Valohai provides the capability to remotely access live executions using SSH (Secure Shell). SSH is a versatile and low-level protocol suitable for various tasks.
Use cases
- Inspecting the Execution: You can use an interactive terminal to inspect the details and progress of the execution in real-time.
- IDE Debugging: Easily connect your preferred integrated development environment (IDE) debugger such as VSCode or PyCharm to troubleshoot and debug your code during the execution.
- Integration with 3rd Party Tools: Establish low-latency connections with third-party tools like Tensorboard for real-time visualization and monitoring.
Requirements for SSH Access
- SSH access is available for enterprise users utilizing on-premises, Amazon Web Services, Microsoft Azure or Google Cloud environments within Valohai.

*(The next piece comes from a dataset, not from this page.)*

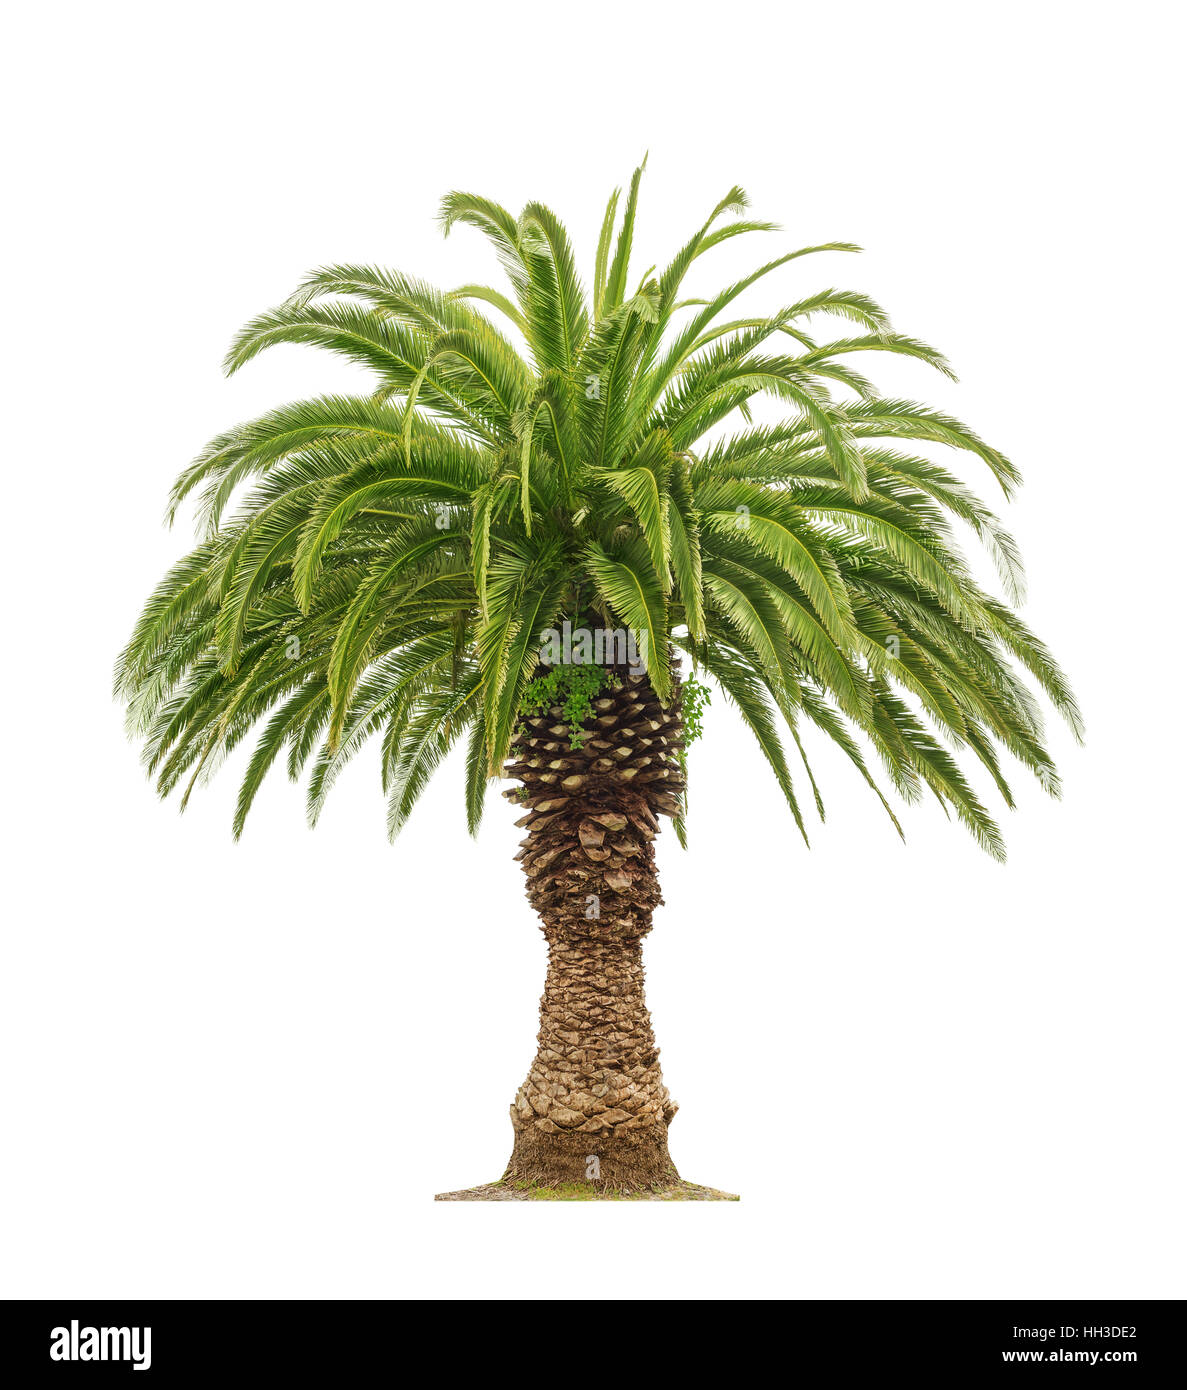 Bella verde Palm tree isolati su sfondo bianco Foto Stock

- Your organization’s administrator must enable SSH connections to Valohai workers and make any necessary adjustments to the firewall rules within your chosen cloud provider to facilitate secure SSH access.
To configure SSH access for your organization, your organization administrator should follow these steps:
Define the default SSH port for your organization
- Log in to your Valohai account and navigate to the organization management section by clicking on
Hi, <name>
in the top right menu, then selectManage <organization>.

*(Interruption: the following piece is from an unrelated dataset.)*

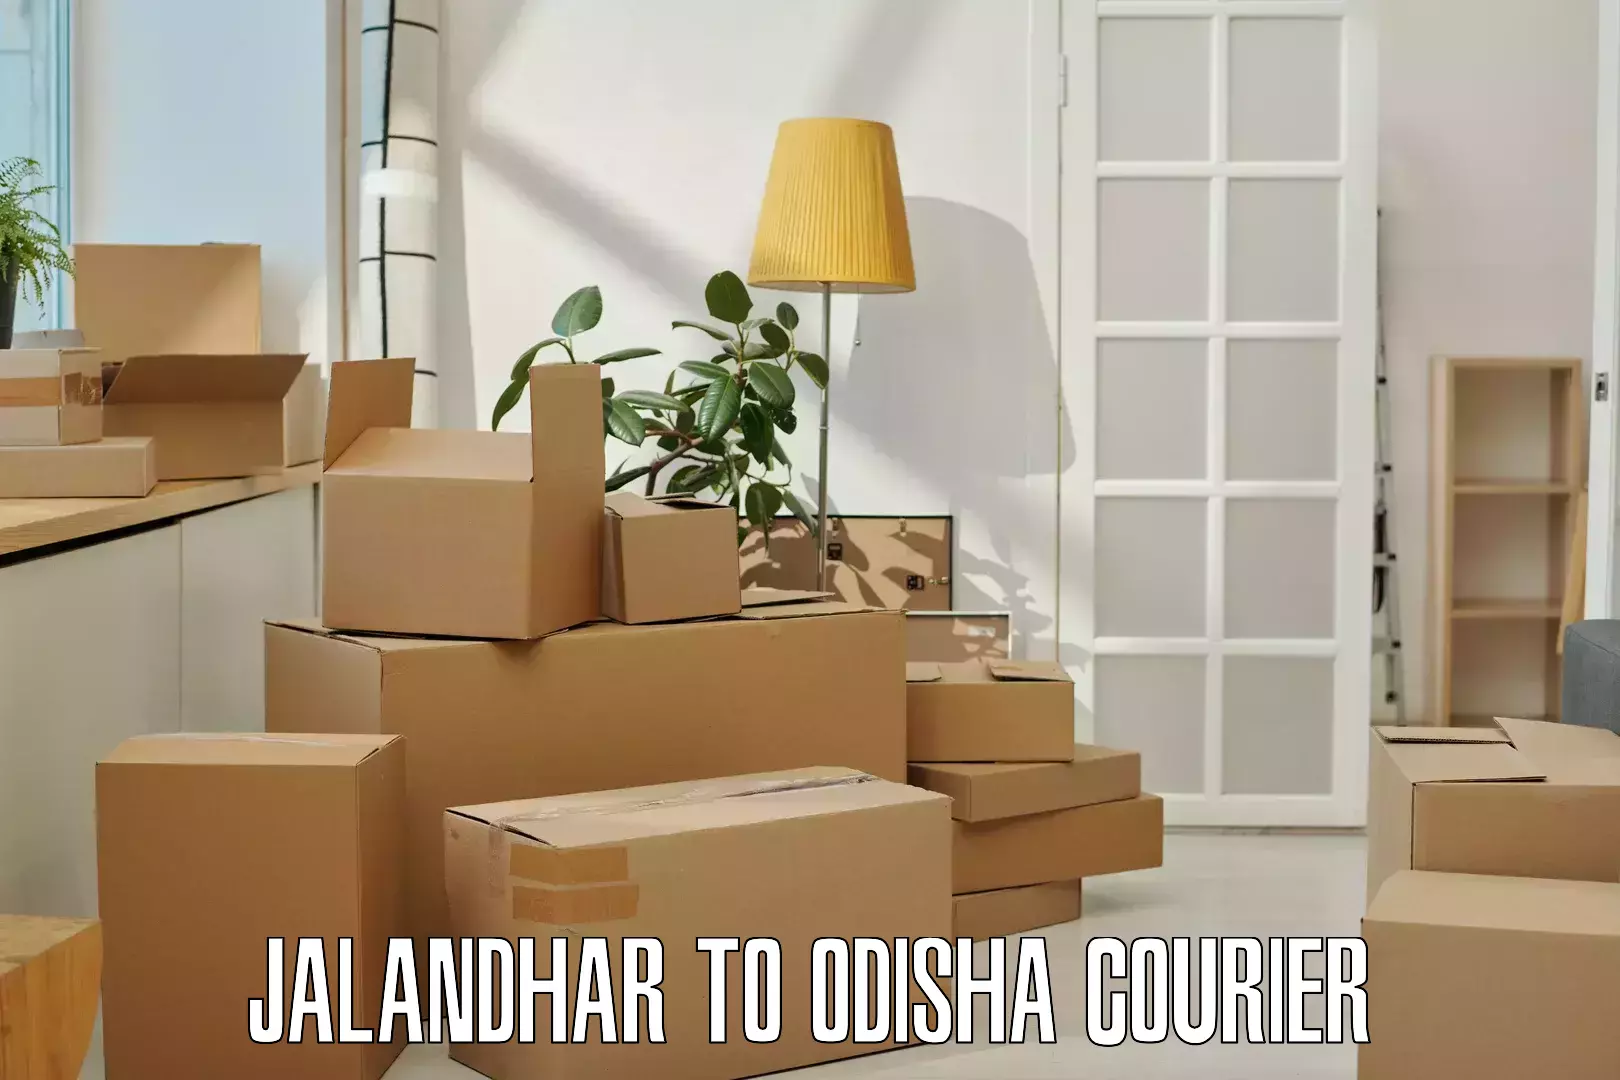 High-capacity parcel service Jalandhar to Raj Berhampur

- Under the organization controls, go to “Settings.”
- Set a Default Debug Port for your organization, ensuring that the chosen port number is above 1023.
Allow connections
AWS
- In the AWS Management Console, open the Security Group named “valohai-sg-workers.”
- Click “Edit Inbound Rules” to add a new inbound Custom TCP rule.

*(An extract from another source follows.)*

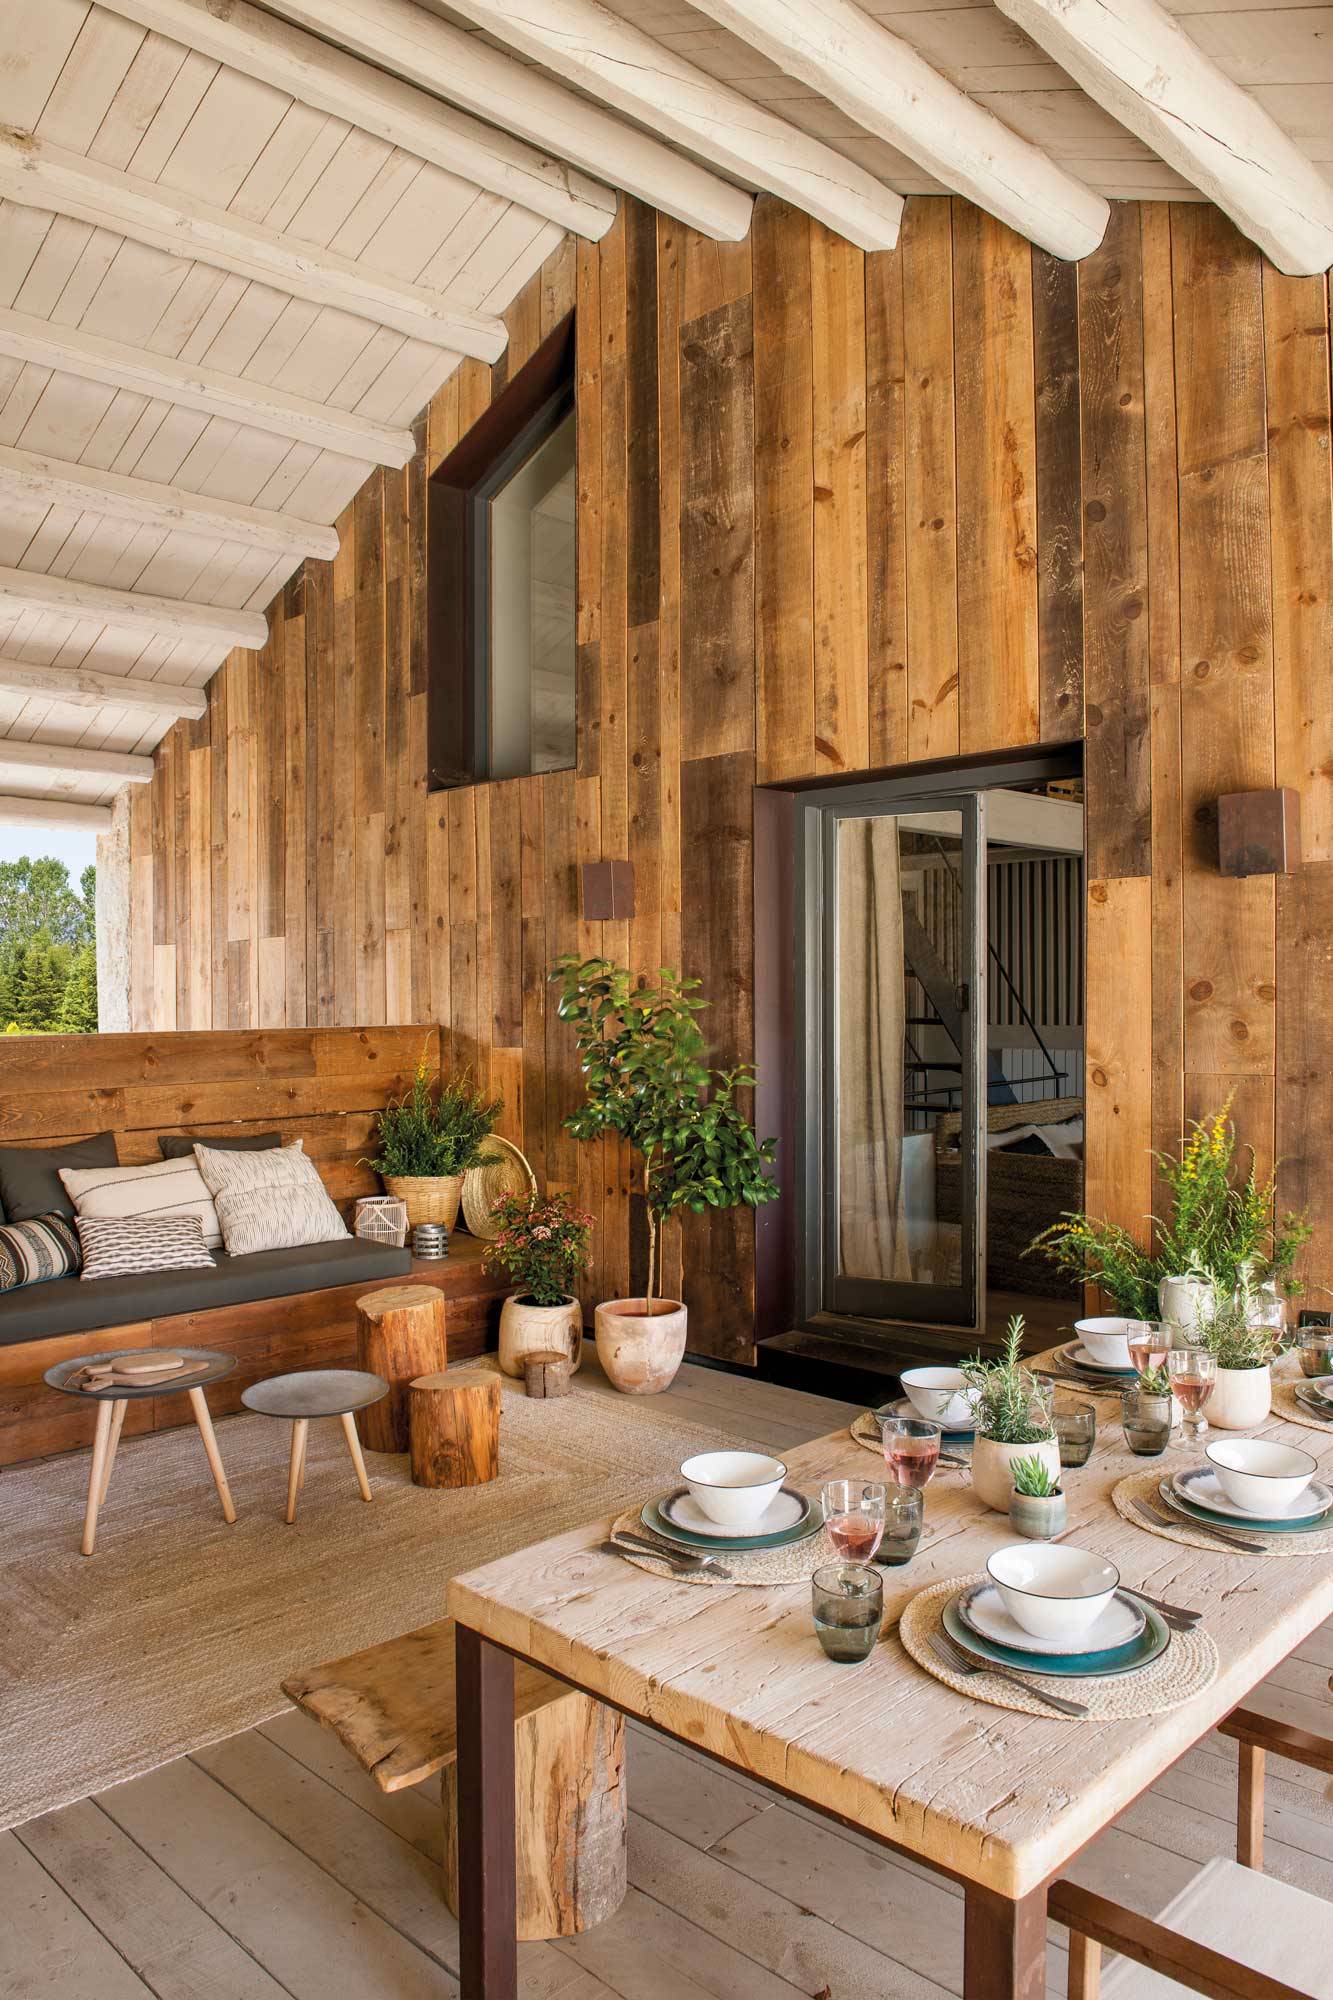 terraza-casa-de-madera-estilo-rustico-con-comedor-00501998

- Configure the rule as follows:
- Type: Custom TCP
- Port Range: The port number you specified in your Valohai organization’s settings.
- Source: Depending on your organization settings, you can set the Source as either “0.0.0.0/0” to allow connections from anywhere or whitelist specific IP ranges/source tags.
- Description: “Allows connecting to Valohai jobs over SSH”
Setting the source as “0.0.0.0/0” means that inbound connections will be allowed from all addresses. However, note that users will still need the SSH Private Key (generated below) to authenticate and successfully connect.
Google Cloud
- In Google Cloud Platform (GCP), create a new firewall rule with the following details:
- Name: valohai-fr-worker-ssh
- Description: “Allows connecting to Valohai jobs over SSH”
- Network: The network where your Valohai resources are created (e.g., valohai-vpc)
- Direction: Ingress
- Targets: Specified target tags: valohai-worker
- Source: Depending on the organization settings, you can set the Source as either “0.0.0.0/0” to allow connections from anywhere or whitelist specific IP ranges/source tags.
- Specified protocols and ports: TCP, with the port number you specified in your Valohai organization’s settings.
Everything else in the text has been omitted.